When the melt is more severe, owners have to actually cut the gasket retainers out and weld new ones in. This amount of effort is often sufficient enough to warrant stove replacement. Like a car in a minor wreck is often not worth fixing even though a shadetree mechanic could surely fix it good enough to drive with a bottle jack.

Are you saying that this melt away feature was not intentional? Sure would be nice if those retainer brackets were just bolted in so that they could be replaced without hiring a mobile welder to work in your living room.
can somebody post a pic of these retainers? there's nothing labelled as such in my stove manual, and I'll be darned if i can figure out what you fellas are talking about.
 
can somebody post a pic of these retainers? there's nothing labelled as such in my stove manual, and I'll be darned if i can figure out what you fellas are talking about.

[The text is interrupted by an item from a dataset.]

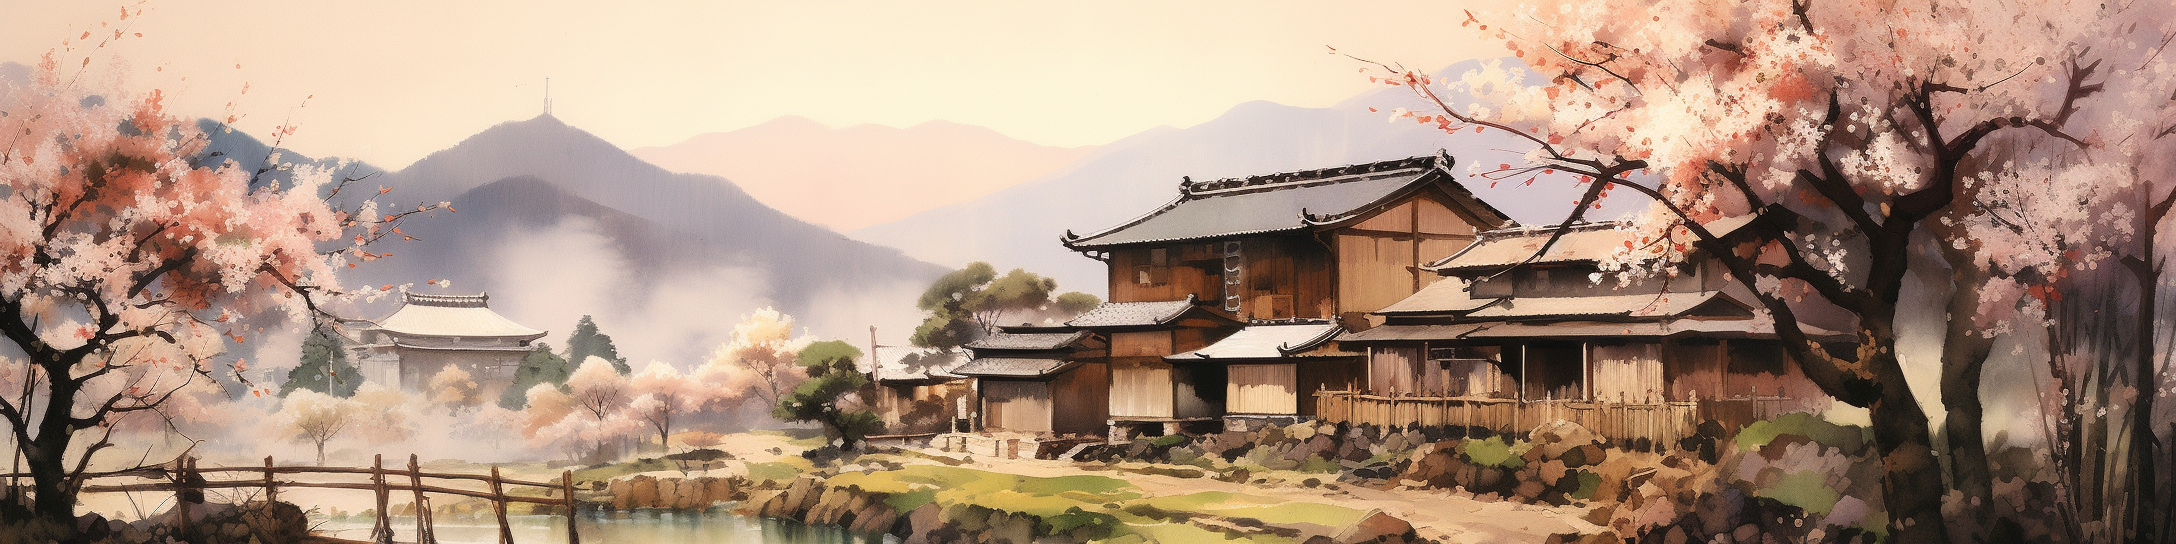 realistic watercolor Gansai of japan's countryside, rolling hills, cherry blossoms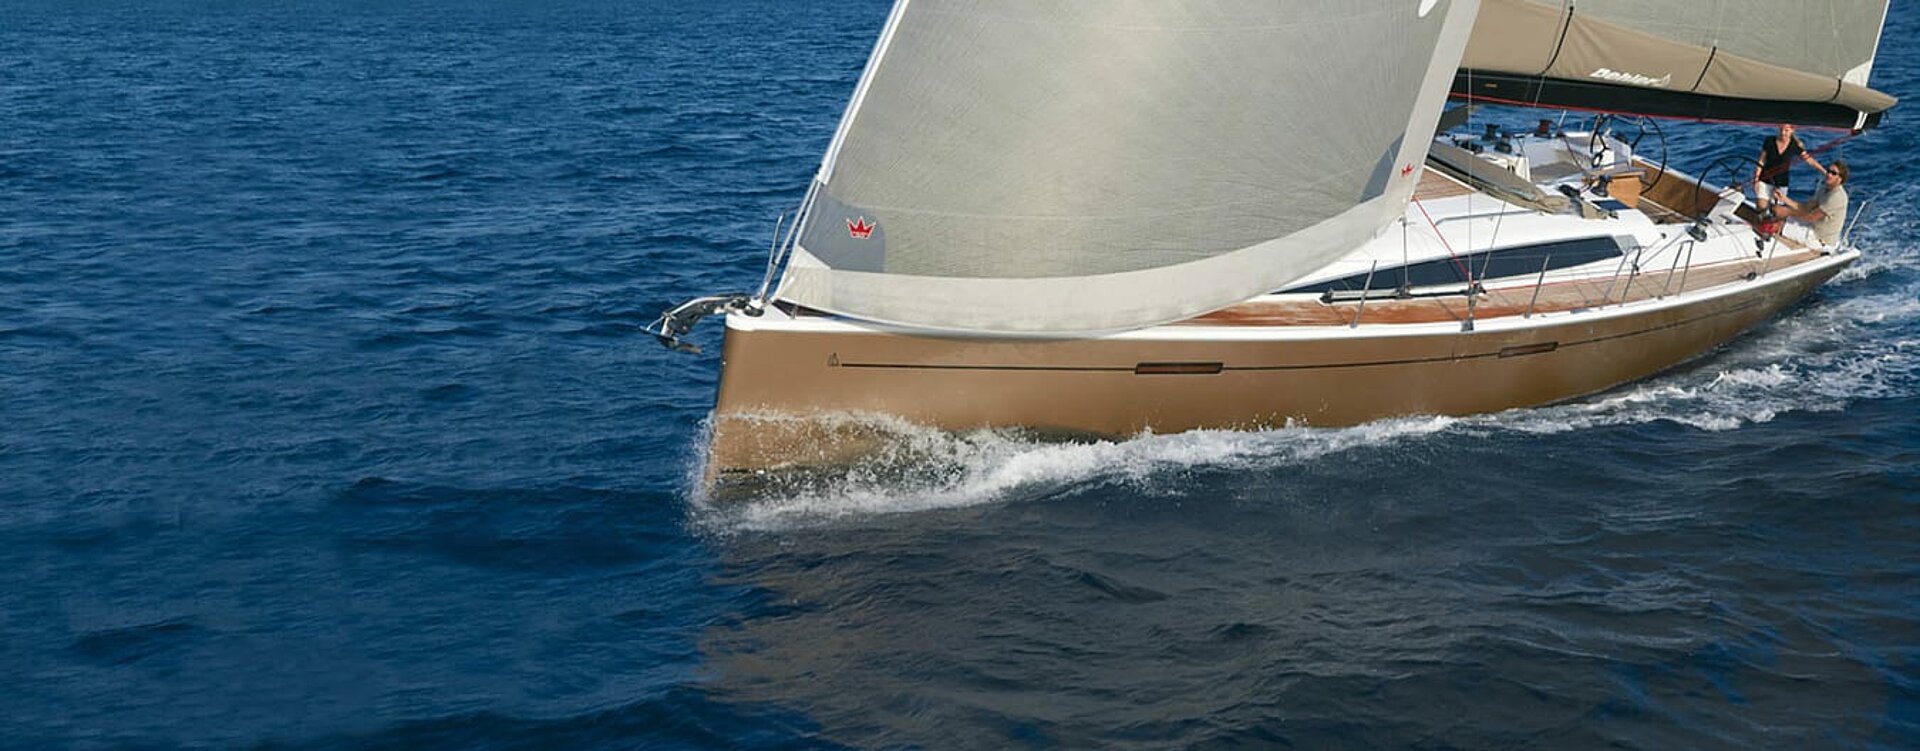 High performance Sailing Yachts at their top speed

If you can touch your bypass gasket, the bypass gasket retainers are the really thin metal brackets that make up the channel that holds that gasket. Four separate welded in brackets that frame the bypass opening.

Ideally, everything stays put and you never need to know that these are made to melt away. If they aren’t intentionally designed to melt away then they are obviously not engineered well.

To test whether yours have melted away you can do a regular dollar bill test on the bypass seal. Sometimes it is horribly obvious as above.
 
If you can touch your bypass gasket, the bypass gasket retainers are the really thin metal brackets that make up the channel that holds that gasket. Four separate welded in brackets that frame the bypass opening.

Ideally, everything stays put and you never need to know that these are made to melt away. If they aren’t intentionally designed to melt away then they are obviously not engineered well.

To test whether yours have melted away you can do a regular dollar bill test on the bypass seal. Sometimes it is horribly obvious as above.
They are not 4 individual pieces on all models. Also, for the past several years they are a one piece section. They do not melt away. They can warp or become warped under certain circumstances. If they melted, they would not be there any longer. Additionally, few, very few ever experience any problem.

You can check, as Highbeam suggested, by doing the dollar bill test.
 
So that bypass doesn't slide. It cams up and over. Your unit is a Princess insert.

First step, pull the cat.
Second step, remove bypass retainers on each side of the combustor.
Third, rotate bypass handle and unhinge bypass plate. By lifting on short edge up, turn the bypass plate 90 degrees.
Fourth, pull the cat thermometer.
Fifth pull bypass plate out of the stove the combustor opening. You may have to whack on the top of the ramp welded to the bypass plate....
Sixth, clean up entire dome area where bypass plate was placed.
Seventh, take a flat blade screwdriver and dig out the bypass plate gasket. It will be very compressed.

Eighth....send me updated pictures so I can advise. [email protected]
Excellent, I will see to it. Thank you very much.
 
You’ll need 8” pipe.
does the stove burn less wood as the weather warms up? I put less wood in this am and there was more left than yesterday when I went to reload. I believe I’m putting at about the same setting. I was kinda joking about replacing with a king. If we had a little more cold weather I could see it but the princess is the perfect size really. Would be interesting to try and get a 24 hr burn cycle with the king but I suspect for most of our season it would just be too much stove.